Garen chuckled, hand on Besthamun to draw her back to the bed. “I study dream plagues in my own way; of course I know as much as I can about your city. But I had thought it useless in my quest.”
“We were pressed into Trikilin’s service as children by our father, a master architect,” Meldri said in a far-off tone. “We left before the plague took hold. Sometimes I dream that I am walking the streets near our home again. Of the way the stones felt warm beneath your feet, even after the sun had set.”
“I miss the smells of mountain grubs and rock sparrow eggs frying in the stalls along the marketplace,” Besthamun whispered.
“In my dream the people become monsters. They tear down Alamoi, brick by brick, devouring each stone with blackened maws.” Meldri began to sob.
“We will see it destroyed by our own hands and our people freed from the dream’s service,” Besthamun said, taking her brother’s hand. She stared at Garen, who shrugged.
“I will do my best.”
Later, after Meldri had drifted off, Garen said: “You don’t expect me to survive.”
Besthamun rolled to face away. “I suppose not. The detonating compound will only give you moments to find shelter, even if you live long enough to formulate it. But… you are clever.”
He laughed.
“Perhaps the most clever man I have ever met.”
“Maybe so. But if you really cared about me as anything other than a tool for your plans, you wouldn’t send me to my death.”
“I’m not forcing you to go.”
He sighed. “I would give anything, even my life, to dream again. Aside from the fits of madness, one does not feel… real?… after so long without dreams. This talk of saving the land from the calamitous dreaming of old gods; none of that matters to me.”
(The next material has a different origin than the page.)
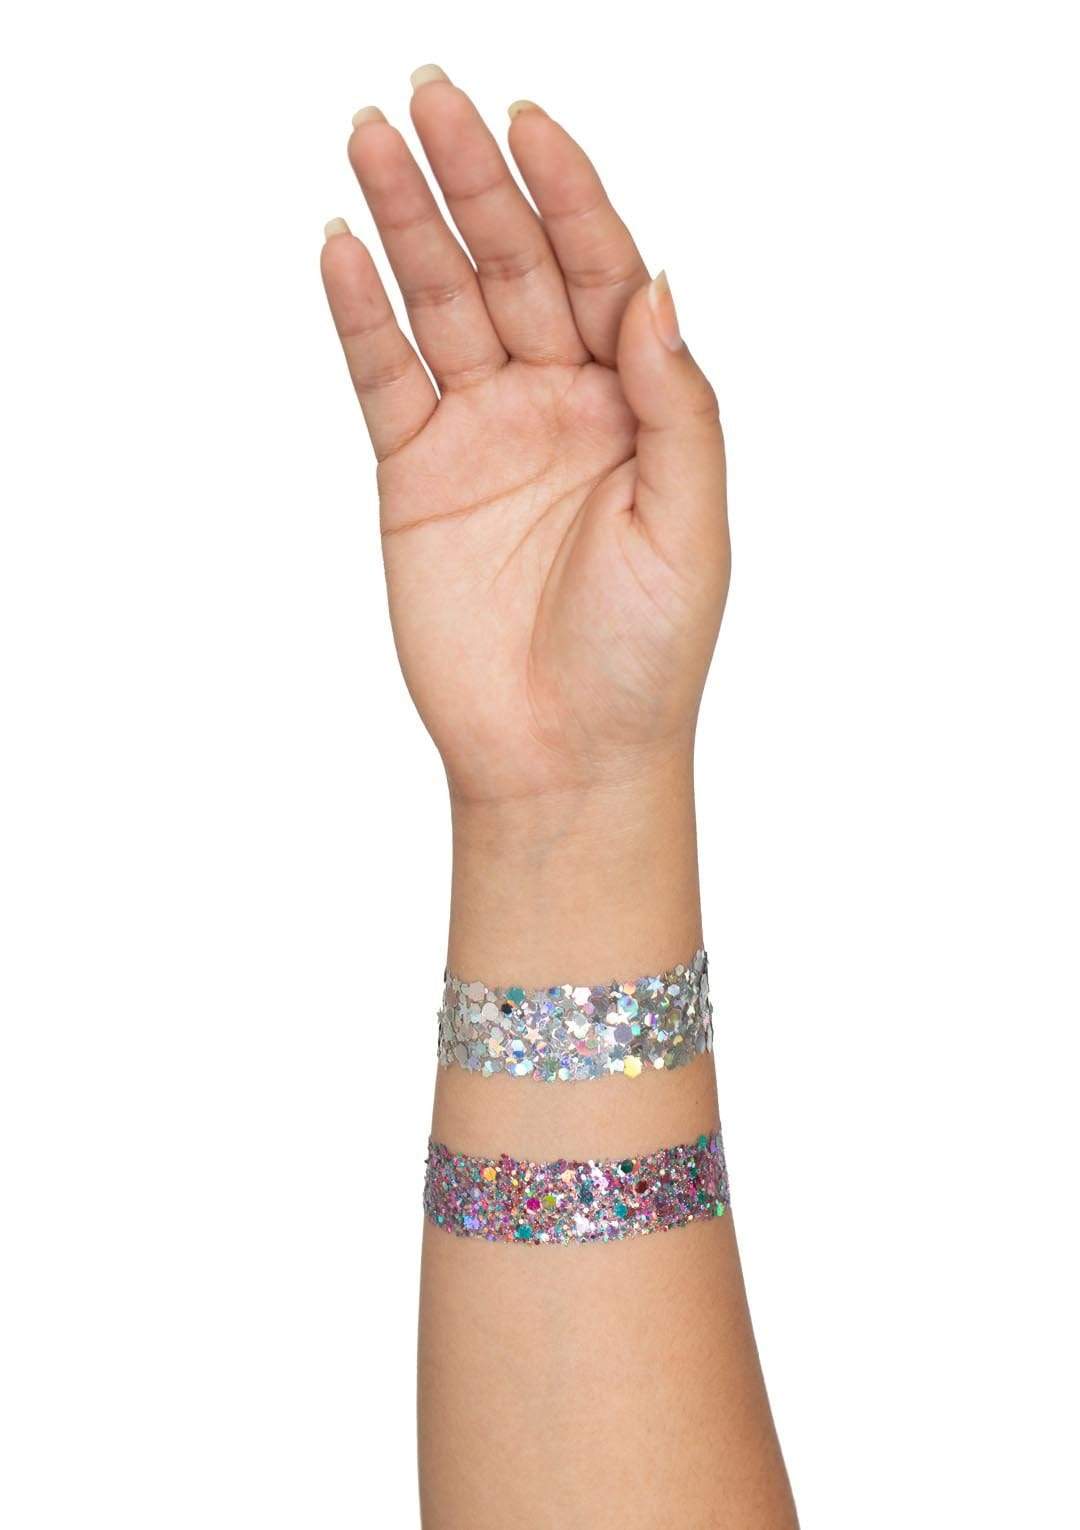 Vibe Neon Face Jewels include glitter that you can adhere to skin and other surfaces with spray (sold seperately)

“You will still attempt the task?”
“Of course. Perhaps I will surprise you with my survival. And if not, I hope that in death even I can dream.”
“I hope so too.”
A thunderclap brought Garen back to the present. A swarm of pink-hued abominations spilled from the space below the arch, a swarm buzzing louder than the screaming birds, their shapes writhing, unnatural. Beyond them, through the arch, in a space that had never known light, something immense lurked, a presence with no recognizable shape. Garen knew it to be the Dreaming One, the thing banished. It approached, heralded by its servants. Its path was not yet fully paved, the invisible door still swinging open. Garen still had time.
He took the last triggering essence of the explosive compound in his fist, blade in the other, and screamed his defiance to the heavens.
The winged servants dived at him. The dreamers raised their fists and howled. Attackers struck from all directions.
Despite his madness, Garen had the luxury of time. He had studied many subjects, but first among them was the martial forms. In this he was a practiced scholar. Now his mastery was apparent, though no sane mind could witness it. In each movement he accomplished precisely what was needed for his knife to sunder limb from torso, head from neck. He spun into the writhing horde of dreamers and laid waste to any who dared come within his considerable reach.
Still an endless number pressed him, their blunt teeth and splintered nails rending his skin, his spilled blood a gory rain that speckled the air. Despite his mastery of the knife, he could not resist such great numbers for very long. Each swing took him farther from the nearly completed chemical mixture. He carved a path to escape — a gap in the crowd that could close at any moment — and then he flung the final element back at the mixture-filled vial that lay at the foot of the arch.
It shattered against the beaker, and the mixture inside flared white.